Kyun Tum Say Itna Pyar Hai is a Pakistani Urdu film starring Arbaaz Khan, Veena Malik, Babrik Shah, Ajab Gul, and Sana Nawaz. This is the second directorial project of Ajab Gul after Khoey Ho Tum Kahan. This film is directed by Ajab Gul who has a long affiliation with the TV, stage and film industry in Pakistan. The film is a blend of family drama, romance, and action, typical of most Lollywood movies.

Plot
The film starts as a clash between good and evil, a landscape that many suggest marks cinema across the world. The pursuits are represented in the film by two individuals who are deeply committed to their way of life. The characters are rendered by artists Nadeem and Talat Hussain.
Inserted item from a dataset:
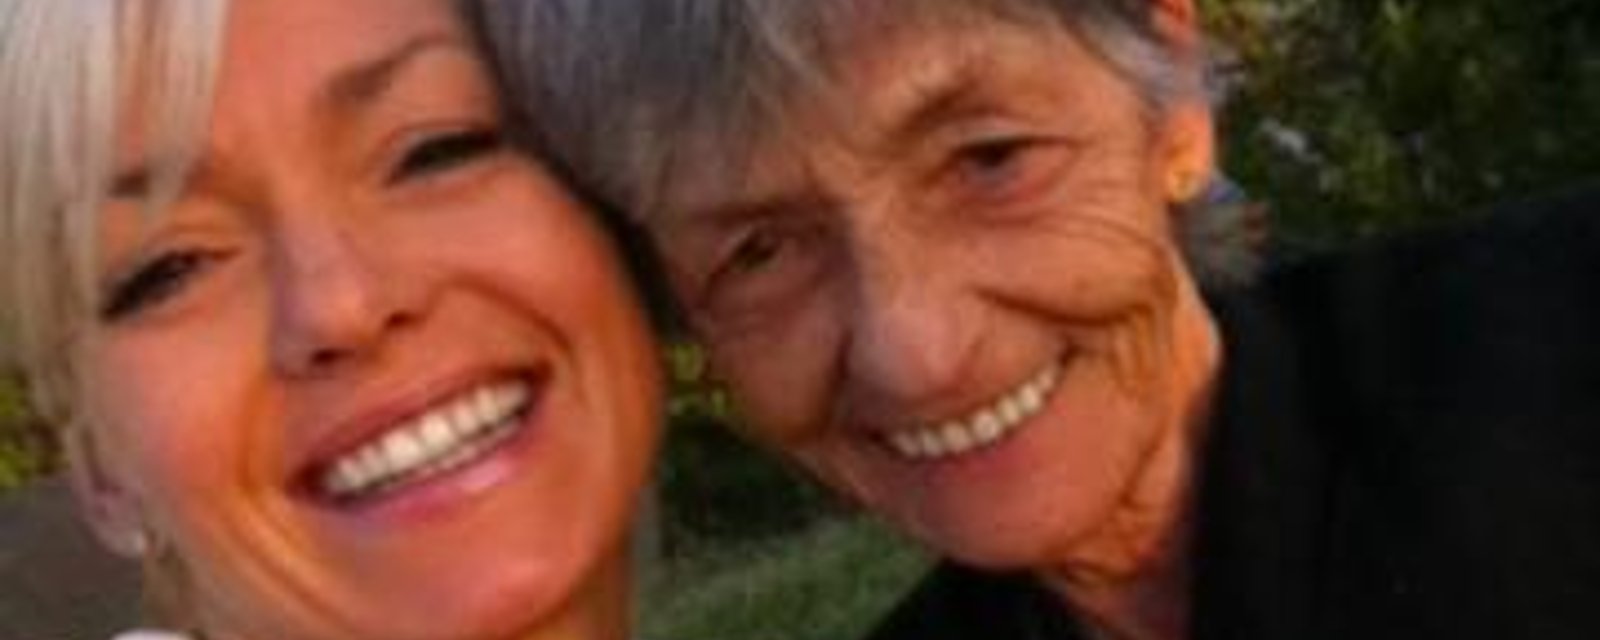 En deuil, Marie-Chantal Toupin rend un dernier hommage à sa maman

The families of the two, a former judge (Nadeem) and ex-chief minister (Talat Hussain) are interlinked by nuptials, but do not serve as bonds. Talat is a power-hungry politician who stops at nothing—bribery, killings, abductions—to achieve his goals. He is under investigation and the man in charge of the case is Nadeem's character, the traditional upstanding citizen and an upholder of values and justice.

The only blemish in Nadeem’s life are his two wives, one being Ajab Gul’s mother with whom he has a strained relationship. Police officer Babrak Shah by the other wife is acknowledged as his son and so the stepbrothers have a strong dislike for each other. They also share the love of the same girl (Talat's daughter played by Veena Malik) whose marriage to Babrak deepens the enmity and a sense of deprivation in Gul.

Renowned television and film actors such as Tahira Wasti and Nighat Chaudhry play supporting roles in the move. 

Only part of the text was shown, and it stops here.